From the outskirts of this rap universe comes Jimmy Greek, “the summer school teacher for your all-year ignorance.” He may be “a cliffhanger with a sweet tooth for cynicism” now, but “the sweetest thing” he’s “ever known is Heather Chapman’s 8th grade love letter sealed with a kiss.” But as his school daze went by, he became, he says, “exactly what I aspire to be,” and nowadays you can look him up in “the Yellow Pages under ‘Verbalist’,” as his “expertism is lyricism, that’s why throughout anybody’s prism” he’s “a certified expert.” At least that’s his high opinion of himself. Hey, his “attitude is borderline rude, but so is every other genius,” right? Does Greek “lack words? Never,” this guy’s a hip-hop hunk for sure, “a clever man’s all-night wet dream.”
It’s too easy to use Greek’s own words against him, because “The Preferred Remedy” is a patchwork of hundreds of lines like these that often would need a guiding hand to shape them into some kind of meaningful structure. There is one topic however that brings out the best in him: women. “Bitter” examines what it feels like getting cheated on with exact observations like “your kiss gets shorter and isn’t that sincere,” “forgave you cause they say love is blind” or “with me you were crystal-clean, now you reek of another man’s cheap cologne.” Pouring out his soul in a hysteric delivery, Greek is definitely not afraid to let everyone know how bitter he is. It musta felt good, because he’s doing it once again, this time as the “Bitter Turned Escort”. Apparently, bitterness is the outcome of any of his relationships (even if his boss promises “your feelings aren’t part of the job”), but before this escort turns bitter, he gets to do some freaky things. If the price is right, that is: “Show me the money and I’ll show you what your marriage is missing / let him take that business trip, I’ll fulfill your needs / don’t worry, Mrs. Senator’s Wife, I’ll fuck you good like your husband’s fuckin’ taxpayers out of their hard-earned money.” Switching roles to the “Demented Nerd”, Greek – still bitter – plays the loud-mouthed loser to perfection:
“You’re thinkin’ of a stud now but you better think of your future
cause later on you’ll just be a pretty IHOP waitress with bad hair
and when – and – and – and when I walk in with my $800 suit on
cause – cause I’m CEO of some big company…
you’ll want me to save you from your pathetic life”
“Masculine” finally makes mockery of the macho attitude, leaving it up to the distressed wife to put an end to her husband’s sick rants with a few bullets. These songs are all well written, make sense AND are funny.

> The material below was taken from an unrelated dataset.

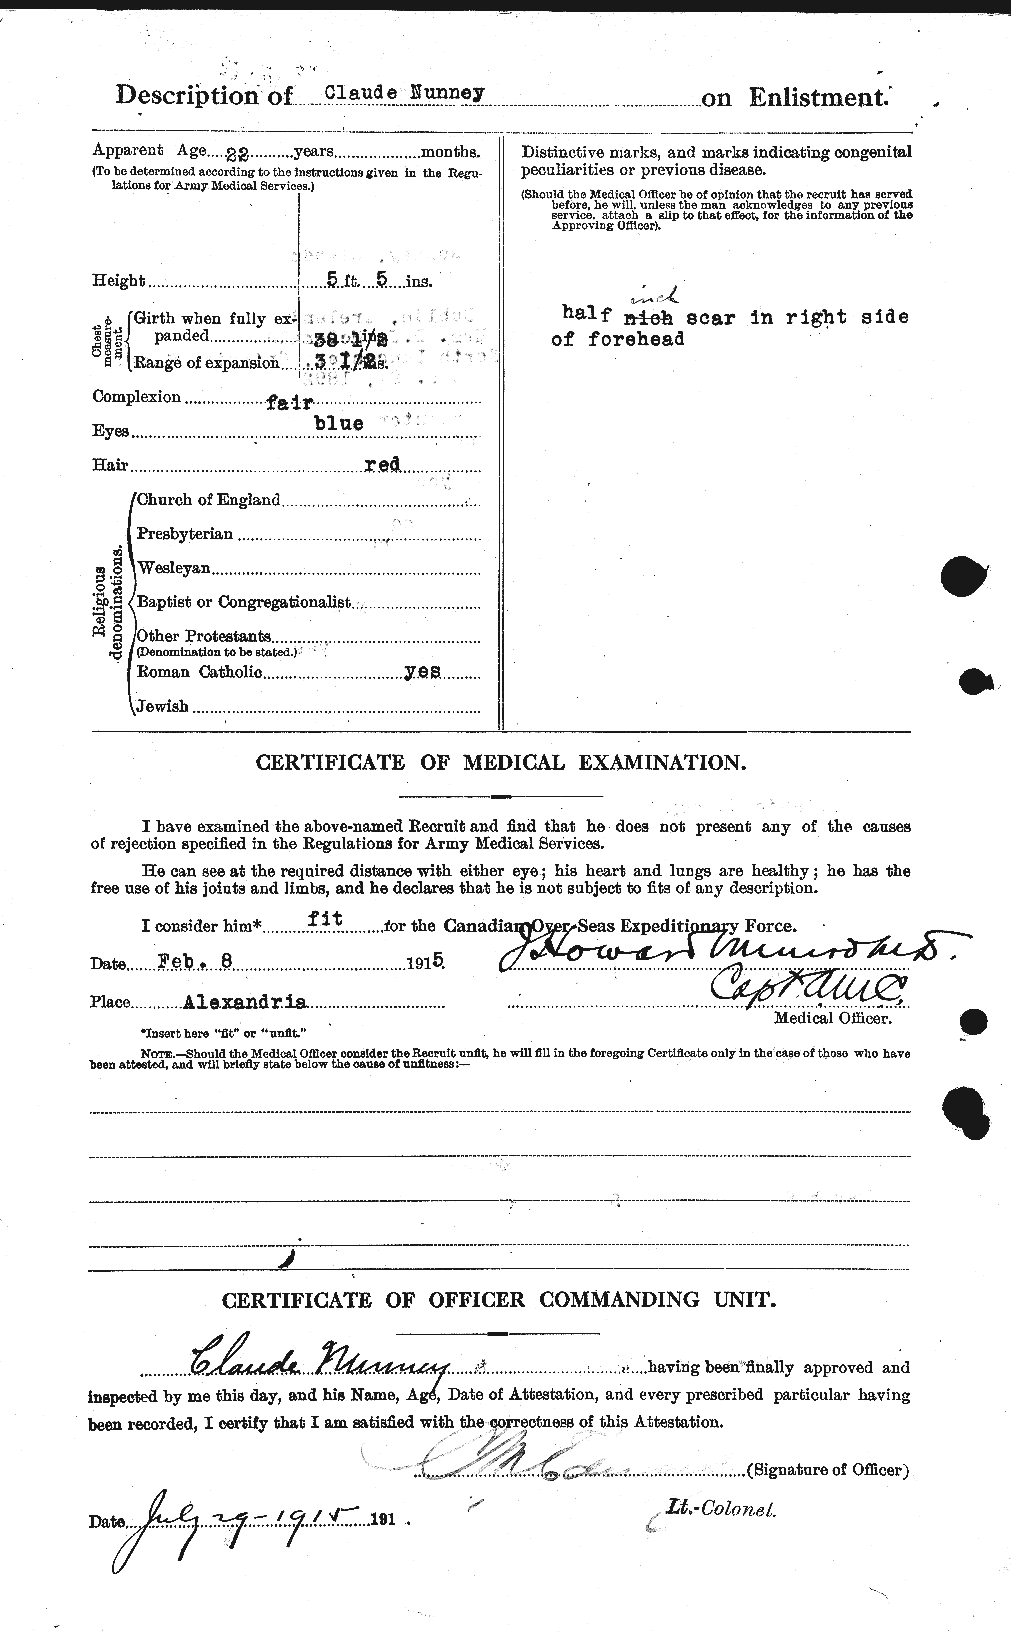 Dossiers du Personnel de la Première Guerre mondiale - CEC 206299b

Elsewhere, the listener risks getting lost in a labyrinth of lyrics. Quite a few lines are self-explanatory, like “I couldn’t get a deal even if my father had a label” or “if you’re lookin’ for a pretty hook, I left home without it.” But on a whole, freeform lyricism rules on this release. Taking into acount his overexcited voice that often seems on the brink of cracking up, his unwavering stamina and a slightly sarcastic undertone, Greek is the kind of rapper that will have you continuously wondering if he’s serious or not.
I guess we’ll just have to accept that Greek is ‘different’, as defined by El-P, who in “Different” is quoted as saying: “I don’t try to be different, I am.” But when Greek follows up this very quote with a line like “my best friend is a dictionary,” you’re left wondering if despite claiming otherwise, he actually STILL tries to be different, in case said dictionary should serve him to search for words that other rappers don’t use. That should give you an idea of this rapper’s and his album’s ambiguity. Greek himself seems the first to acknowledge the baffling nature of his writing: “Catchin’ these quotes without blinkin’ is a record even Guiness can’t categorize.”
We will always feel at home when battle rhymes are in effect, and Greek’s got ’em. The highlight has got to be “Mealticket” with its bullying track and Greek eating competition up, inspired by the Bigg Jus quote “where you can get the beef broccoli with extra duck sauce.” Despite quoting both former Company Flow members on his album, Greek’s rhymes as well as his beats are more traditional. Beatwise, “The Preferred Remedy” offers quality material. The production is colorful, varied, emitting strong vibes. The two best tracks are probably placed upfront, “The Perfect Storm” and “Starstruck”, who both are steeped knee-deep in dirty funk. Later, the beats get a little more obscure and experimental, but compliment Greek’s excursions quite well. While Greek may be straight from the fraternity of non-regular rhymers, he’s not weirding the listener out too much.